Updated on 2025-10-17 GMT+08:00

Zero-Privilege O&M

As mentioned in QingTian Threat Assumptions and Security Methods, cloud vendors' internal personnel may be potential attacks that pose threats to tenant data security through logical or physical access. The QingTian system introduces the zero-privilege O&M concept to eliminate such security risks by combining best technical practices and O&M security management.

  • Zero SSH permission: O&M personnel cannot obtain control permissions on servers through common remote login methods. All O&M operations on servers are performed through APIs. All O&M APIs have strict identity authentication, authorization, recording, and auditing. These APIs do not allow O&M personnel to access customer data on servers.
  • Zero packet capture tool: The OS of the server node has been streamlined, with common packet capture tools such as tcpdump removed, to prevent tenant I/O data from being listened to or stolen.
  • Zero memory permission: VRAM, a QingTian memory management component, independently manages VM memory. The memory cannot be exported via traditional virsh dump.
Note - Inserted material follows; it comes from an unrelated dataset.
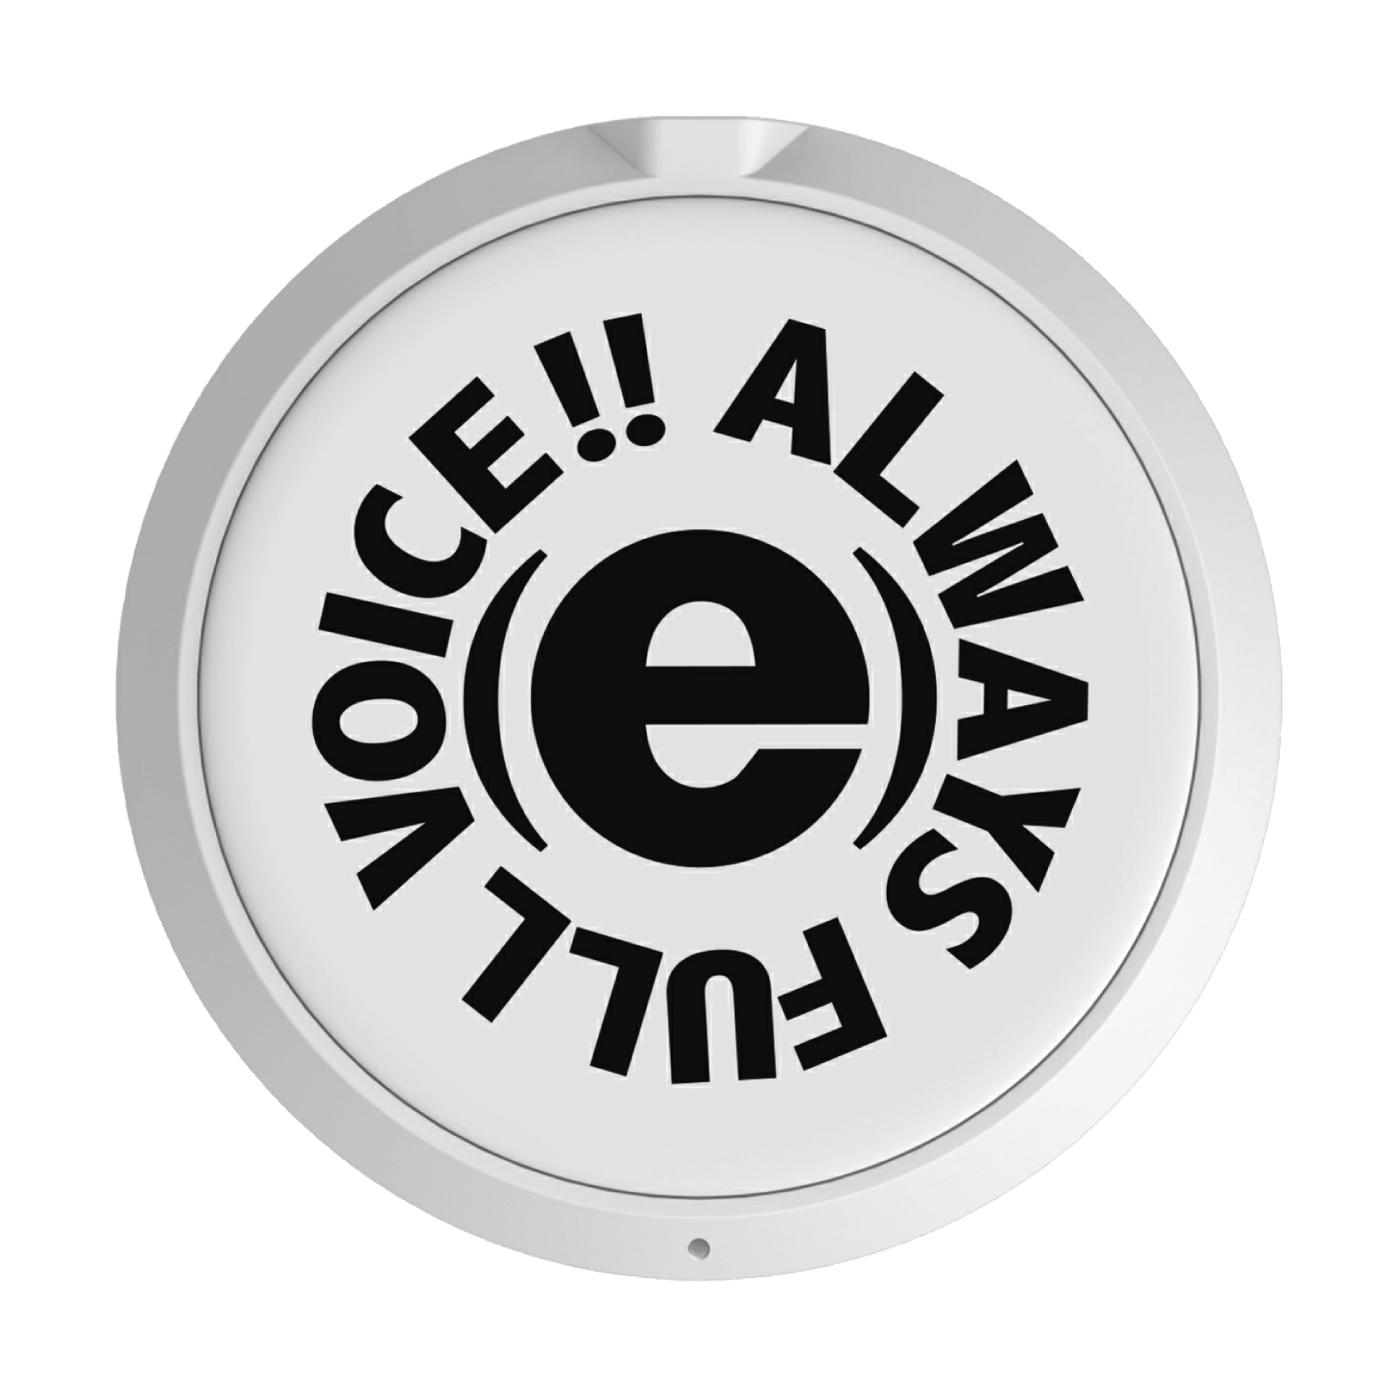 ALWAYS FULL VOICE!! 52 バッテリーチャージャー

These technical restrictions are built into the QingTian system. Even the system administrator with the highest permissions cannot bypass these controls and protections. As common login access is disabled, the production environment does not support in-place debugging. This is inconvenient for technical personnel, but we believe that this is a good trade-off for our customers. We must maintain high system quality and testing standards before production release.
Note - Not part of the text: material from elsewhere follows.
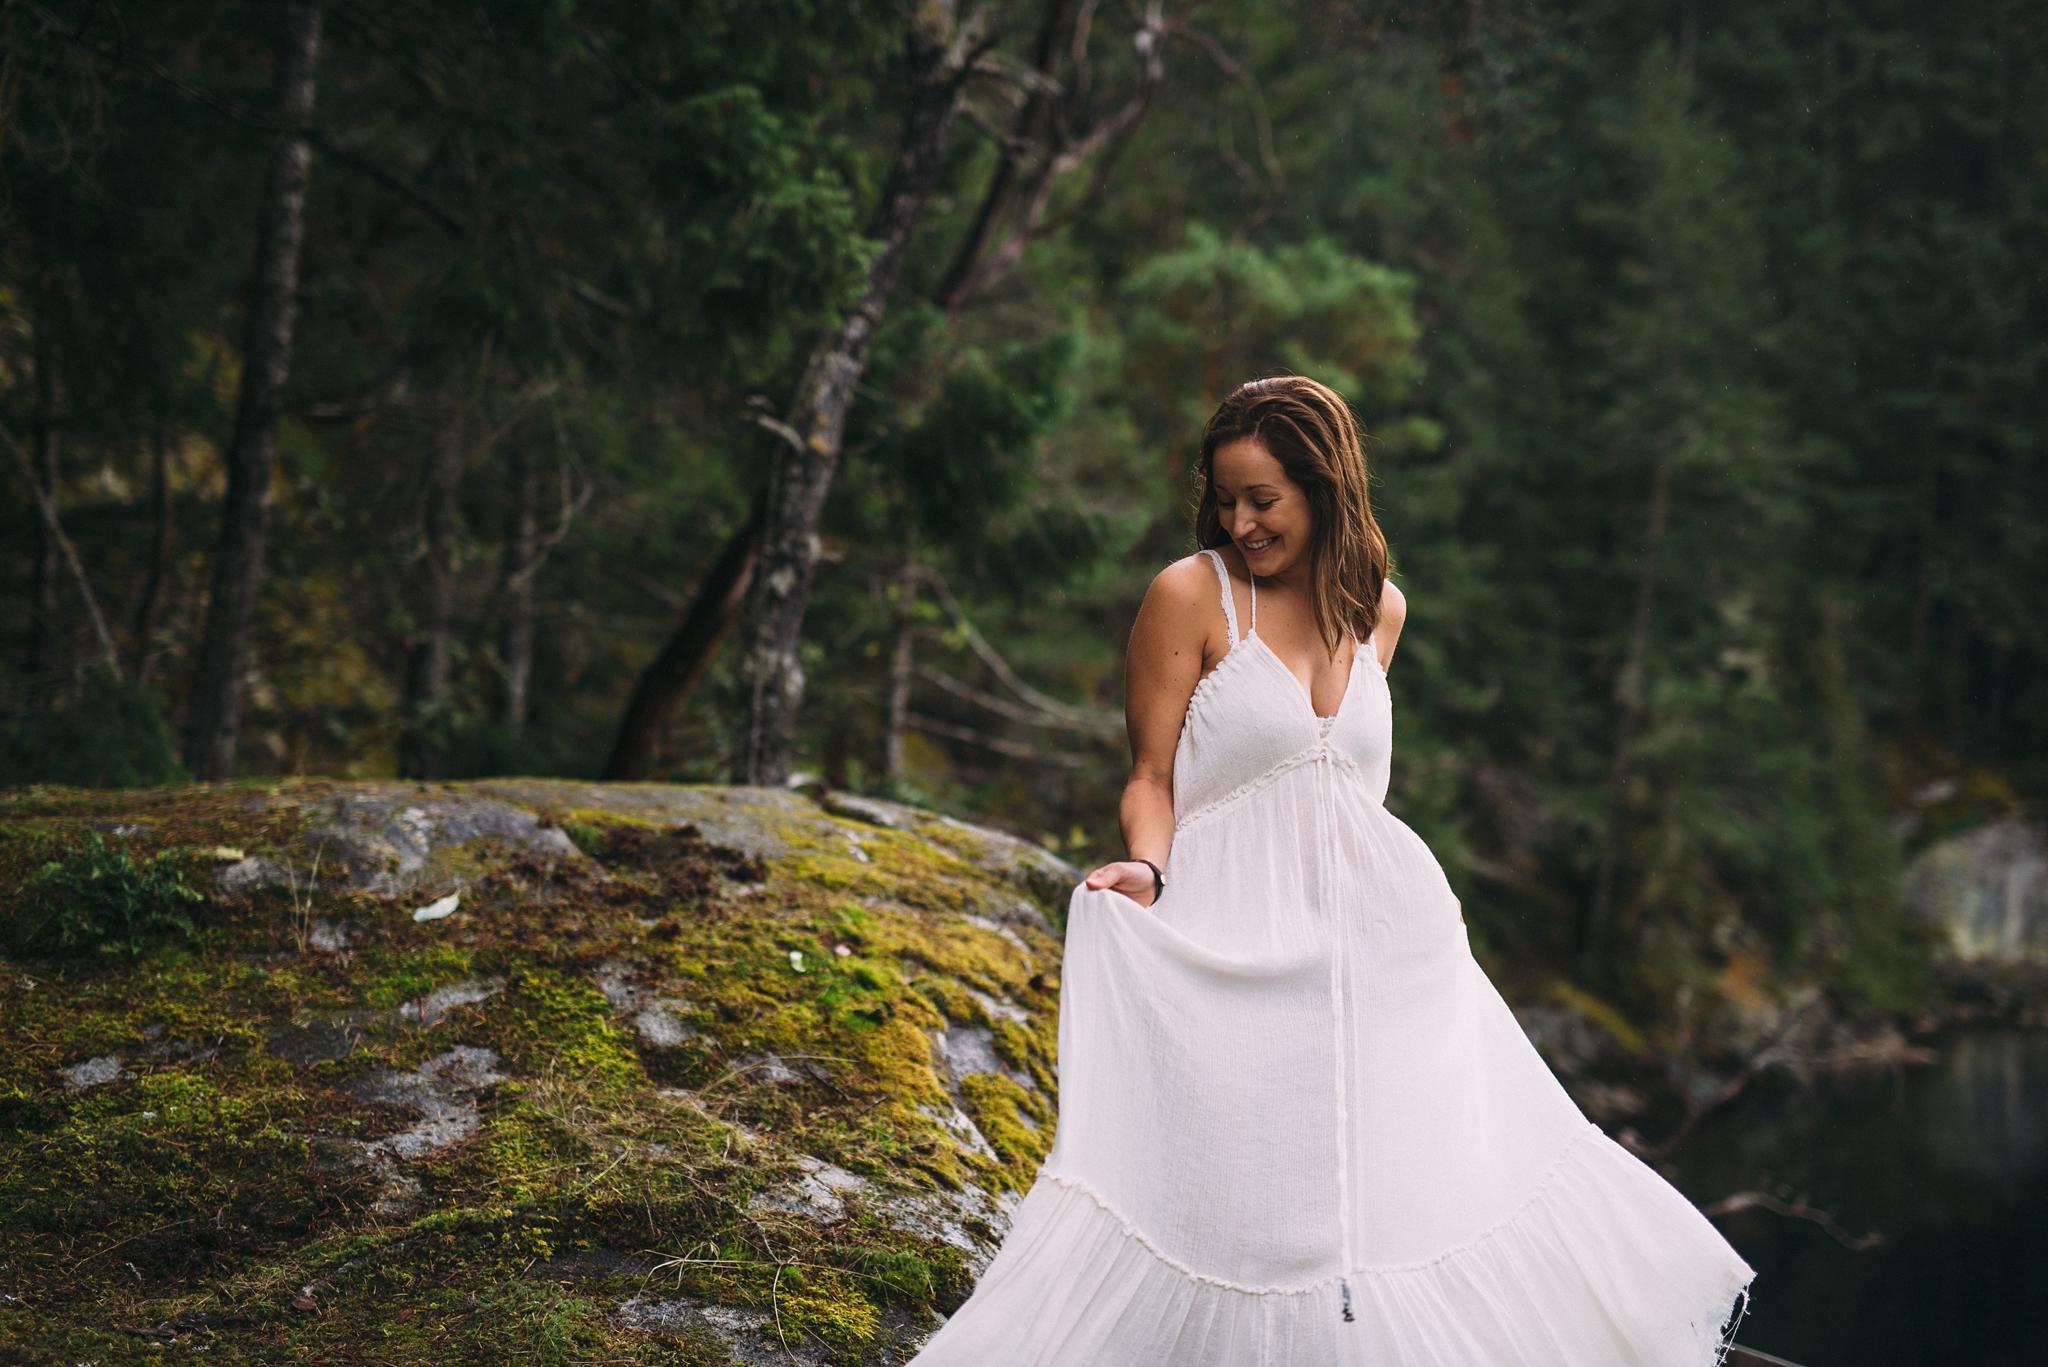 kaihla_tonai_intimate_wedding_elopement_photographer_3385

Cloud infrastructure security also depends on the root key protection of multiple key systems. Root key protection needs to handle various threats, including potential threats from internal personnel with the highest permissions. Hardware security modules (HSMs) cannot avoid individual security issues. Only relying on this key protection technology cannot address increasingly severe attack challenges. The QingTian system uses the following methods and measures to protect the keys of key systems:

  • Threshold digital signature: Some key systems use threshold digital signature algorithms to split signature keys and completely destroy the original keys after the splitting is complete. Once split, a number of N key fragments are separately held by multiple independent nodes. A number of T compute nodes can collaborate with each other to sign a message according to the threshold signature protocol. If the number of nodes is less than T, the message cannot be signed. Complete keys are not displayed throughout the signature process, and no single point holds the complete keys. This method not only improves the security of key management but also improves the availability of the system.
  • Multiple key materials: Some key systems use multiple digital signature technologies (depending on multiple signature keys) for anti-tampering. Other systems synthesize data encryption and decryption keys based on multiple independent key materials. Each independent signature key or key material is protected by security hardware to prevent systematic security risks caused by the compromise of a single key.
  • Key export prevention: Working keys are encrypted using hardware identity public keys and imported to the HSMs built into QingTian cards. They cannot be exported from the hardware in plaintext. Instead, they can only be used through module APIs with limited authentication and authorization.
  • Fast key rotation: The system strictly ensures that the key rotation period is inversely proportional to the key usage frequency. Frequently used working keys (such as end entity certificate keys) are rotated on an hourly basis.
  • Tenant-level key isolation: The system allocates completely independent random key materials to different tenants and derives tenant-level keys based on the key materials. Derived keys are only valid for single tenants, preventing global security impact caused by the compromise of a single key material.

Key protection has always been a challenge. We continuously focus on the latest cryptography technology progress (such as threshold cryptography technology), introduce these new technologies in cloud engineering best practices to improve security, and update the current engineering security best practices.